“Bagi yang hendak shalat Id disunnahkan berangkat dengan berjalan kaki, sedangkan untuk orang yang telah lanjut usia atau tidak mampu berjalan maka boleh ia menggunakan kendaraan. Disunnahkan juga berangkat lebih awal untuk shalat Id setelah selesai mengerjakan shalat subuh, untuk mendapatkan shaf atau barisan depan sembari menunggu dilaksanakannya shalat.”

  1. Hari Raya Idul Adha disunnahkan makan setelah selesai melaksanakan shalat Id.

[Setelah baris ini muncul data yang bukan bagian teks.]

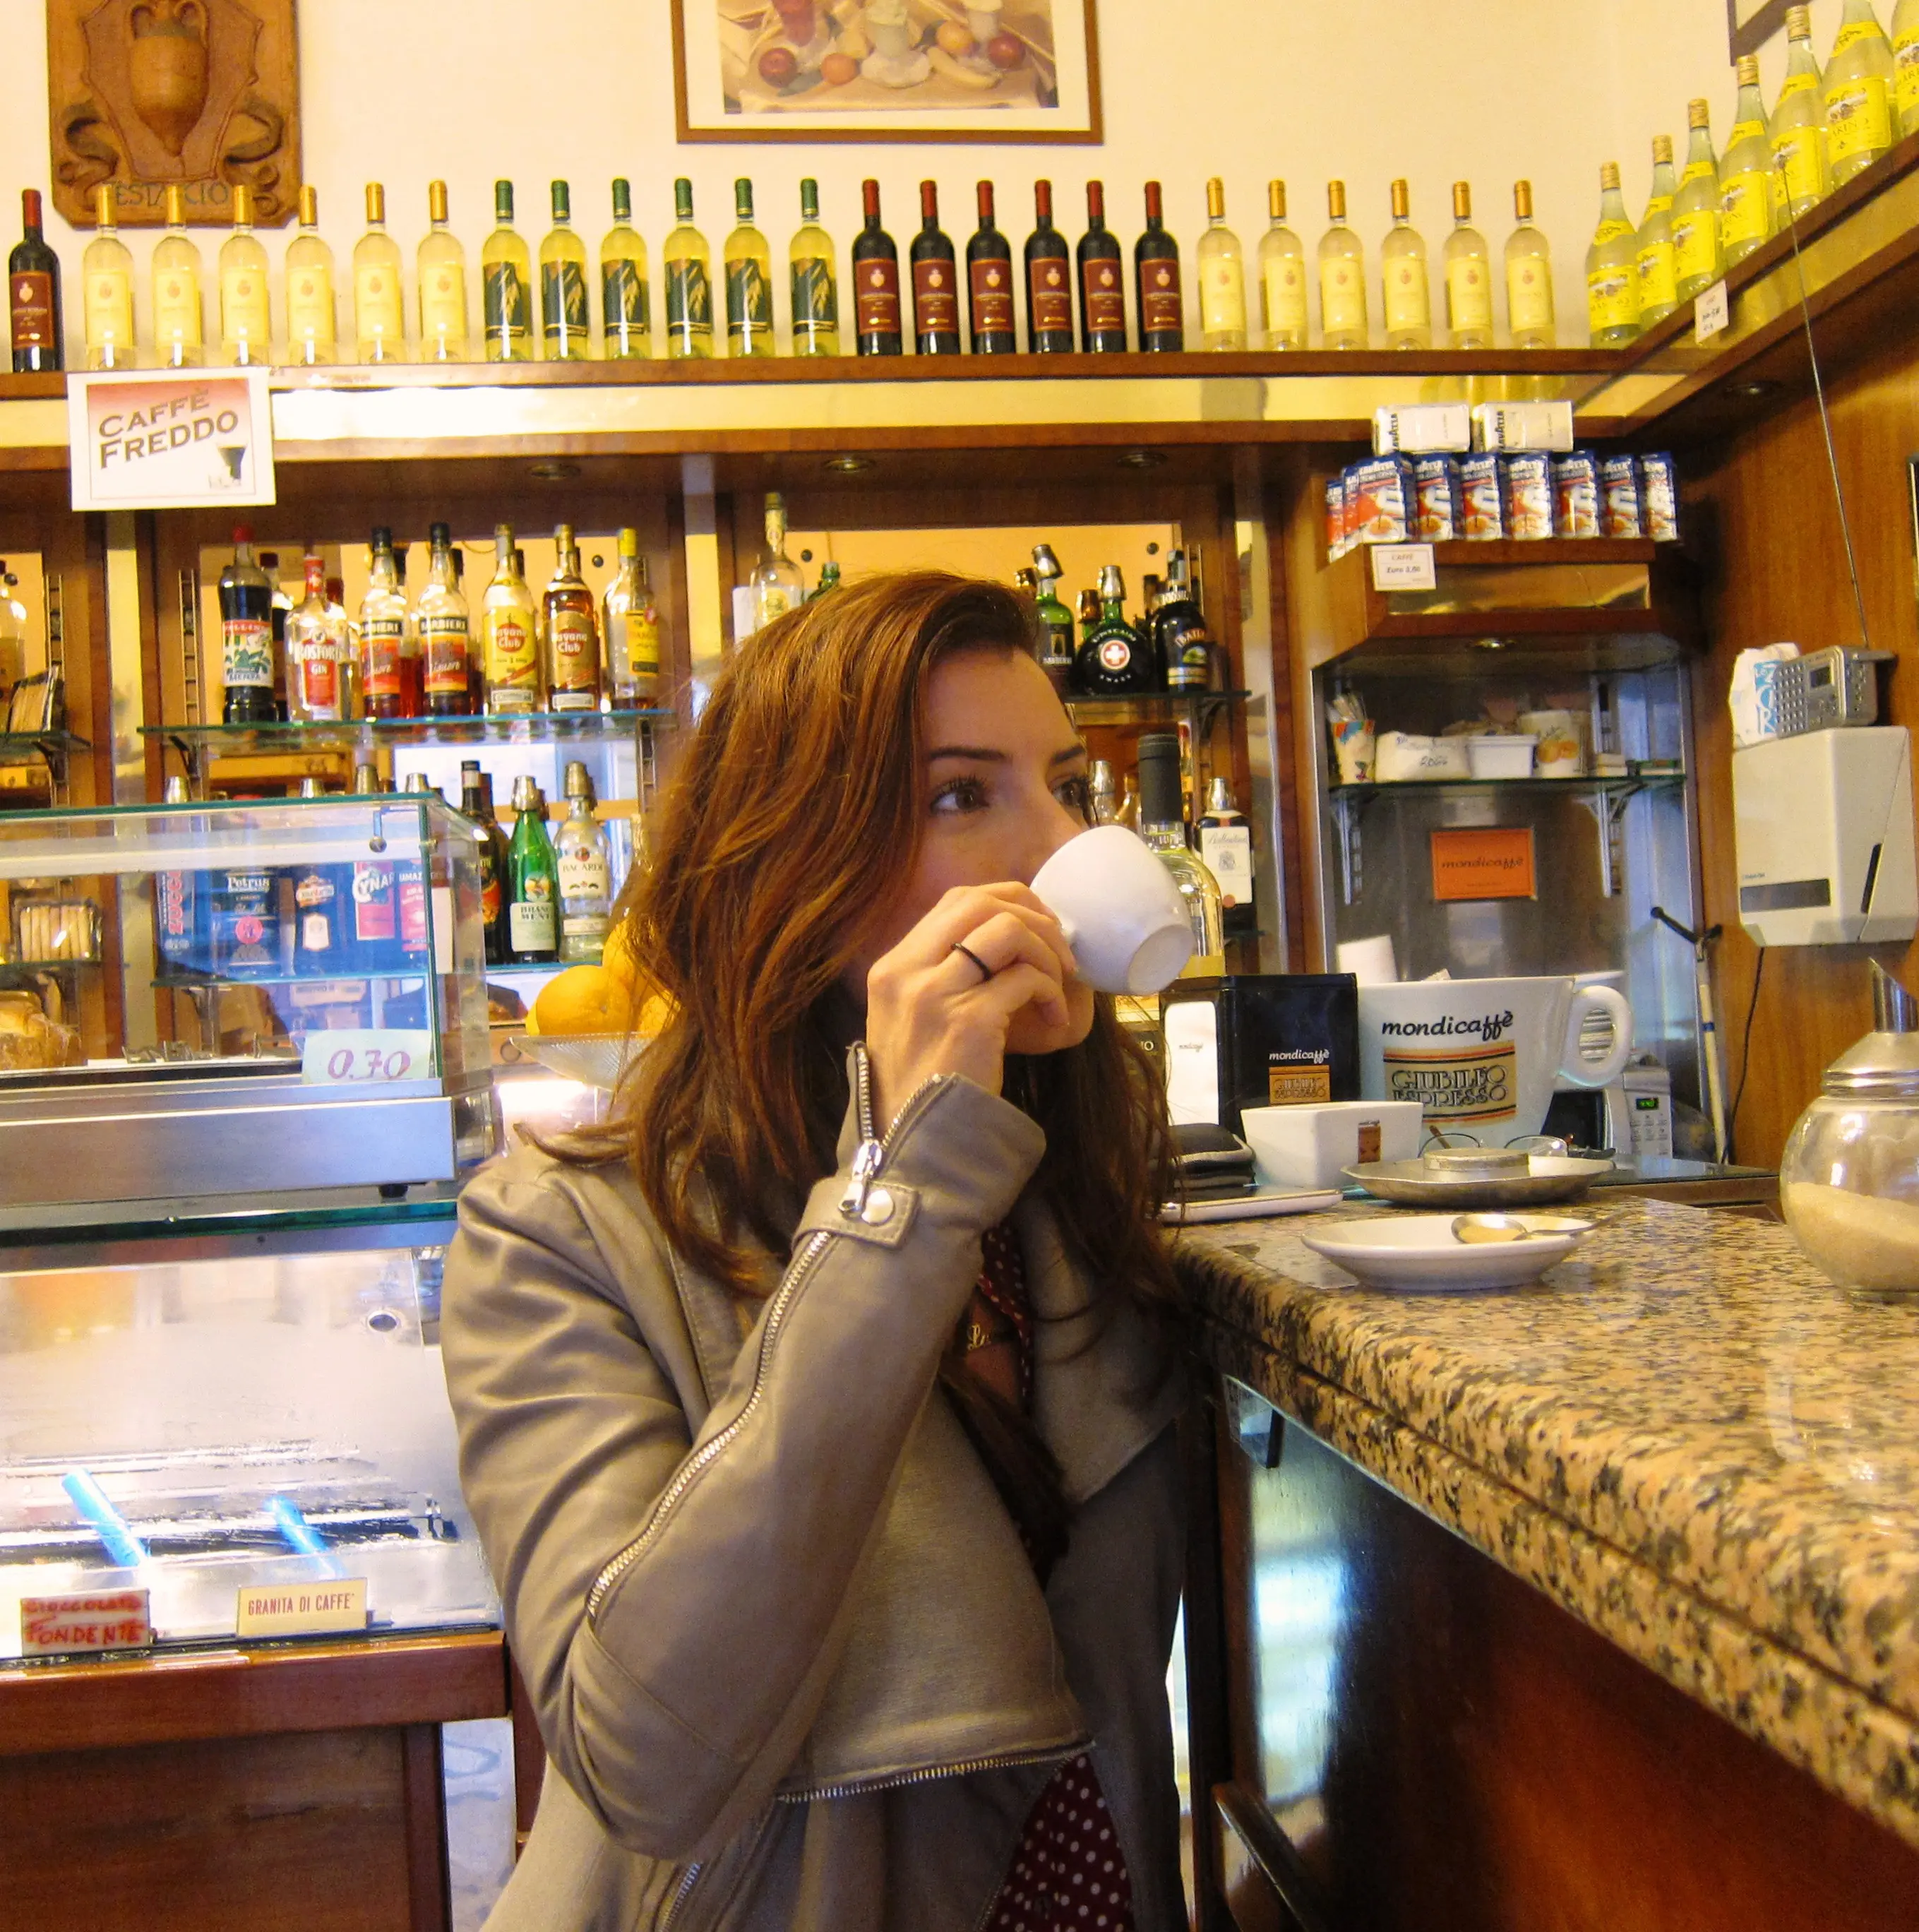 Meneguk secangkir kopi di Italia. (Sumber Foto: eatingitalyfoodtours.com)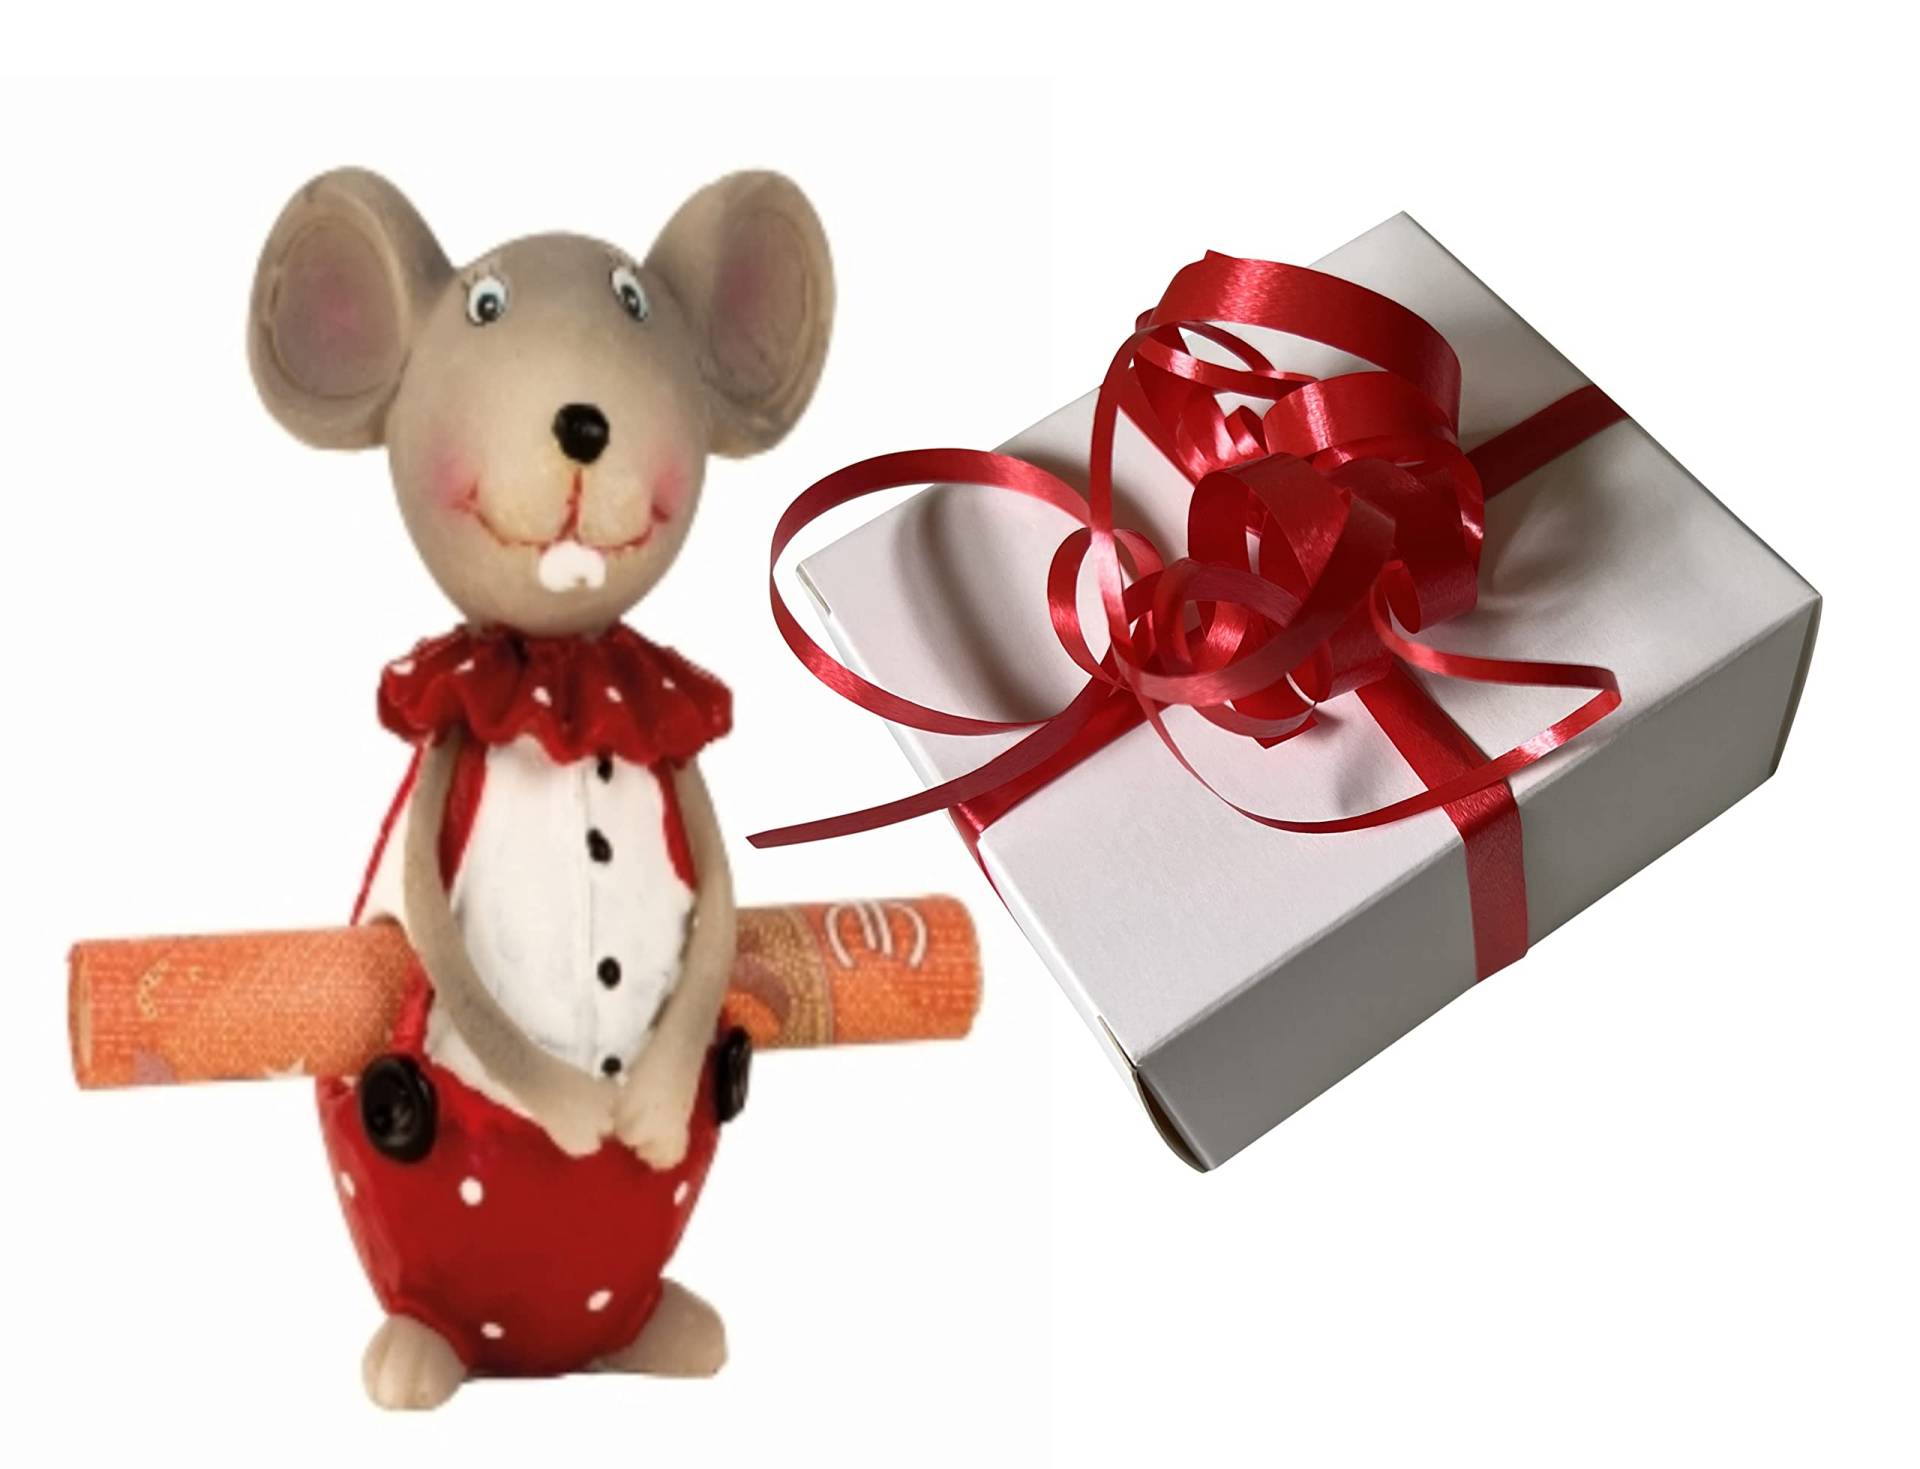 hegehof Geldgeschenk Geldhalter Maus, mit Geschenkschachtel und Geschenkband, 3 teiliges Set, Geldrollenhalter, Geschenkidee für jeden Anlass von Generisch

Berbeda dengan Hari Raya Idul Fitri disunnahkan makan sebelum melaksanakan shalat Id.
    Pada masa Nabi saw makanan tersebut berupa kurma yang jumlahnya ganjil, karena makanan pokok orang Arab adalah kurma.

عن بريدة رَضِيَ اللَّهُ عَنْهُ قَالَ كَانَ النَّبِيُّ صَلَّى اللَّهُ عَلَيْهِ وَسَلَّمَ لا يخرج يوم الفطر حتى يطعم ويوم النحر لا يأكل حتي يرجع

“Diriwayatkan dari Buraidah ra, bahwa Nabi saw tidak keluar pada hari raya Idul Fitri sampai beliau makan, dan pada hari raya Idul Adha sehingga beliau kembali ke rumah.”

Diriwayatkan juga dari Anas ra

انَّ رَسُول اللَّهِ صَلَّى اللَّهُ عَلَيْهِ وَسَلَّمَ كَانَ لَا يَخْرُجُ يوم الفطر حتى يأكل تمرات ويأكلهن وترا

“Rasulullah saw tidak keluar pada hari raya Idul Fitri sampai beliau makan beberapa kurma yang jumlahnya ganjil.”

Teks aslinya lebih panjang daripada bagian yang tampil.